On Tue, Mar 07, 2006 at 07:50:52PM +0100, Andi Kleen wrote:
>
> My vmlinux has
>
> ffffffff80278382 <pfn_to_page>:
> ffffffff80278382: 8b 0d 78 ea 41 00 mov 4319864(%rip),%ecx
> # ffffffff80696e00 <memnode_shift>
> ffffffff80278388: 48 89 f8 mov %rdi,%rax
> ffffffff8027838b: 48 c1 e0 0c shl $0xc,%rax
> ffffffff8027838f: 48 d3 e8 shr %cl,%rax
> ffffffff80278392: 48 0f b6 80 00 5e 69 movzbq
> 0xffffffff80695e00(%rax),%rax
> ffffffff80278399: 80
> ffffffff8027839a: 48 8b 14 c5 40 93 71 mov
> 0xffffffff80719340(,%rax,8),%rdx
> ffffffff802783a1: 80
> ffffffff802783a2: 48 2b ba 40 36 00 00 sub 0x3640(%rdx),%rdi
> ffffffff802783a9: 48 6b c7 38 imul $0x38,%rdi,%rax
> ffffffff802783ad: 48 03 82 30 36 00 00 add 0x3630(%rdx),%rax
> ffffffff802783b4: c3 retq
That's easily in the 90+ cycles range as you've got 3 data dependant loads
which will hit in the L2, but likely not in the L1 given that the workload is
manipulating lots of data. Assuming the instruction scheduler gets things
right.
> ffffffff802783b5 <page_to_pfn>:
> ffffffff802783b5: 48 8b 07 mov (%rdi),%rax
> ffffffff802783b8: 48 c1 e8 38 shr $0x38,%rax
> ffffffff802783bc: 48 8b 14 c5 80 97 71 mov
> 0xffffffff80719780(,%rax,8),%rdx
> ffffffff802783c3: 80
> ffffffff802783c4: 48 b8 b7 6d db b6 6d mov
> $0x6db6db6db6db6db7,%rax
> ffffffff802783cb: db b6 6d
> ffffffff802783ce: 48 2b ba 20 03 00 00 sub 0x320(%rdx),%rdi
> ffffffff802783d5: 48 c1 ff 03 sar $0x3,%rdi
> ffffffff802783d9: 48 0f af f8 imul %rax,%rdi
> ffffffff802783dd: 48 03 ba 28 03 00 00 add 0x328(%rdx),%rdi
> ffffffff802783e4: 48 89 f8 mov %rdi,%rax
> ffffffff802783e7: c3 retq
>
>
> Both look quite optimized to me. I haven't timed them but it would surprise
> me
> if P4 needed more than 20 cycles to crunch through each of them.

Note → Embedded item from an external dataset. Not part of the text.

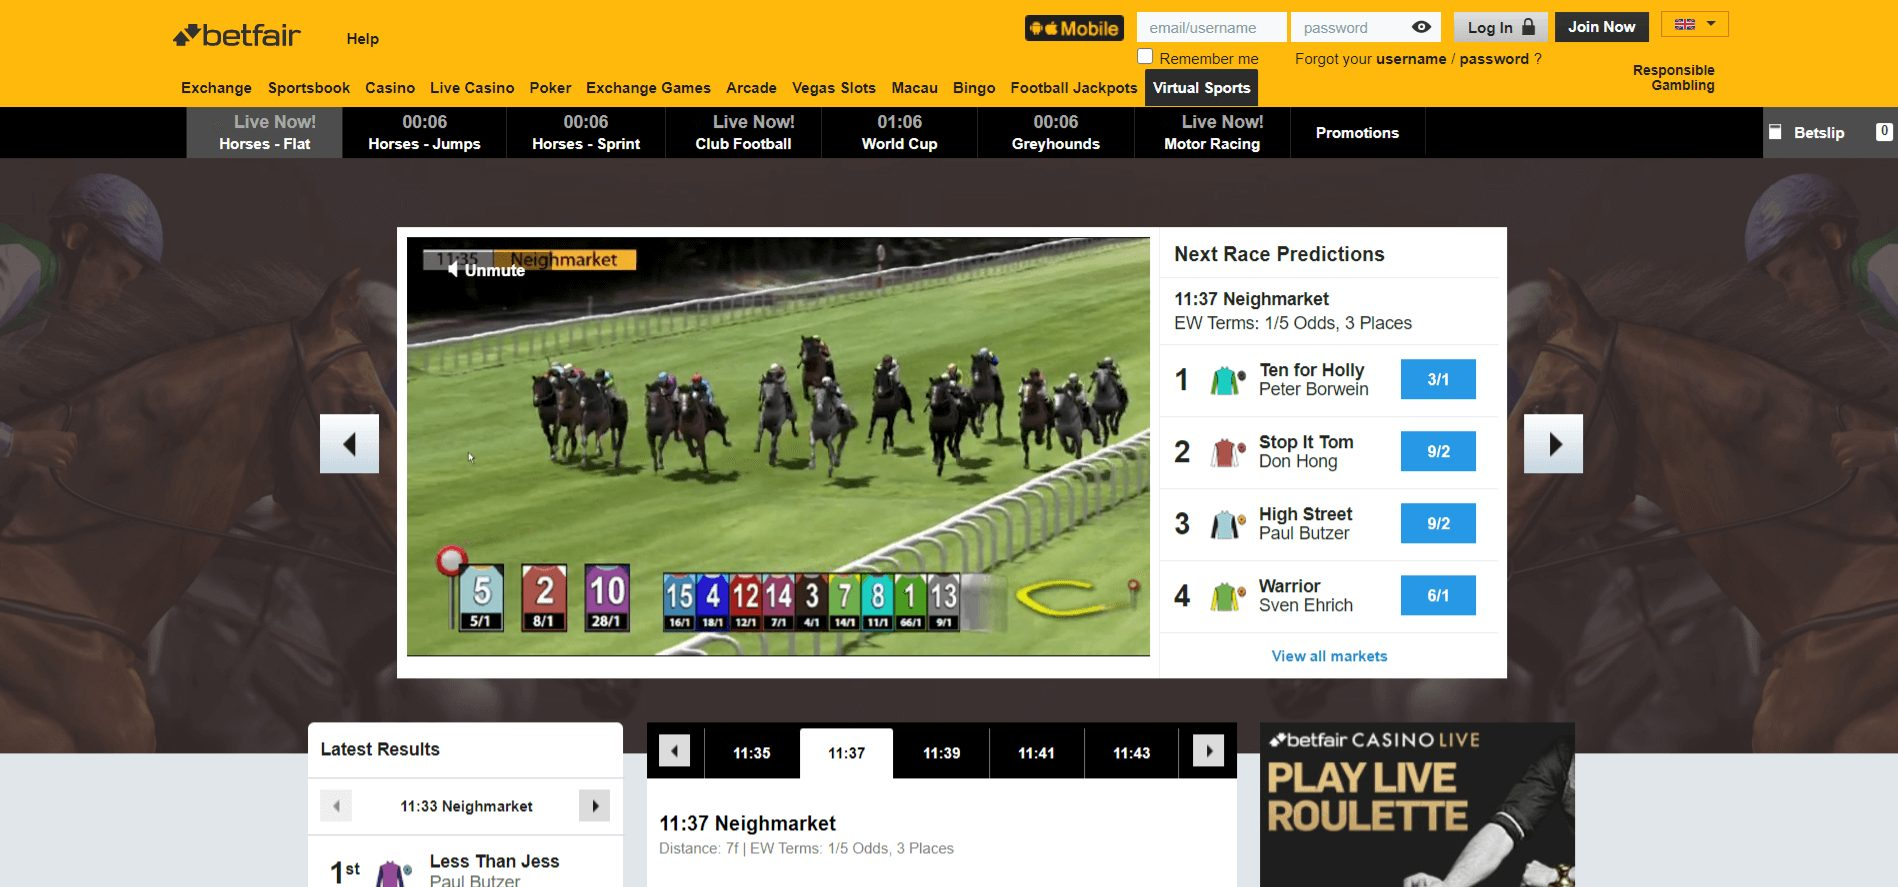 discover virtual sports at betfair

It's more than that because you've got the data dependancies on the load.
Yes, imul is 10 cycles, but shift is 1.
> Where is that idiv exactly? I don't see it.
My memory seems to be failing me, I can't find it. Whoops.
> Only in pathological workloads. Normally the working set is so large
> that the probability of two pages are near each other is very small.
It's hardly that uncommon for pages to cross cachelines or for pages to move
around CPUs with networking. Remember that we're using pages for the data
buffers in networking, so you'll have pages get freed on the wrong CPU quite
often.
Please name some sort of benchmarks that show your concerns for decreased
performance. I've shown you one that gets improved, and I think the pages
not overlapping cachelines is only a good thing.
I know these things look like piddly little worthless optimizations, but
they add up big time. Mea culpa for not having a 10Gbit nic to show more
"real world" applications.
-ben
-
To unsubscribe from this list: send the line "unsubscribe netdev" in
the body of a message to [EMAIL PROTECTED]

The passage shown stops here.